Dicumarol Induces Apoptosis in MIA PaCa-2 Cells.

Apoptosis was studied by flow cytometry using PI and light microscopy with DAB staining. Treatment of MIA PaCa-2 cells with 50, 100, and 250 μm dicumarol resulted in a dose-dependent and time-dependent increase in apoptosis as measured by flow cytometry (Fig. 2,A). For example, there was a 6-fold increase in the sub-G1 population of MIA PaCa-2 cells as measured by flow cytometry when treated with 100 and 250 μm dicumarol. As seen in Fig. 2,B, cell cycle analysis was performed by flow cytometry, and apoptotic cells were estimated by calculating the number of subdiploid cells in the cell cycle histogram. The number of apoptotic cells correlated well with the results seen in the DAB staining (Fig. 2 B). As demonstrated in the left panel, DAB staining is increased with increasing doses of dicumarol for 24 h. This corresponds to the right panel, where the number of apoptotic cells also increased with increasing doses of dicumarol. For example, the number of apoptotic cells increased from 5.5% in the controls to 19.2, 22.6, and 31.6% with dicumarol 50, 100, and 250 μm, respectively.

Dicumarol Induces Cytochrome c Release and PARP Cleavage.

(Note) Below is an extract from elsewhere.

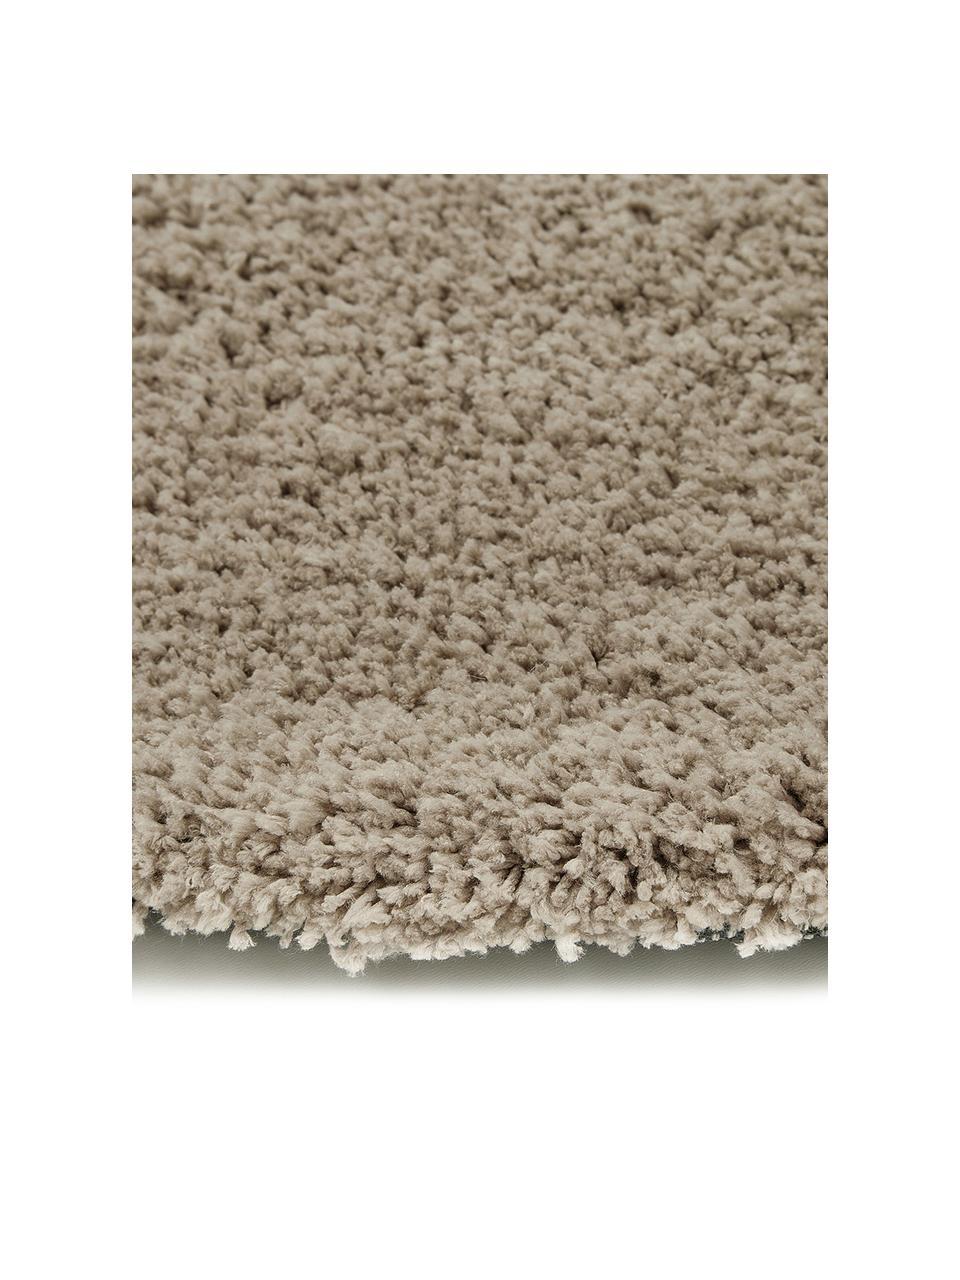 Tappeto peloso rotondo beige Leighton, Retro: 70% poliestere, 30% coton, Beige-marrone, Ø 200 cm (taglia L)

Cytochrome c is released from the mitochondria to the cytosol during apoptosis when mitochondrial membrane permeability is disrupted. Cytochrome c protein was present and unchanged in MIA PaCa-2 cells treated with dicumarol for 4 h at doses of 0, 50, 100, and 250 μm (data not shown). However, there was an increase in cytochrome c protein when cells were treated with dicumarol for 24 h at doses of 100 and 250 μm when compared with cells receiving no dicumarol (Fig. 2 C).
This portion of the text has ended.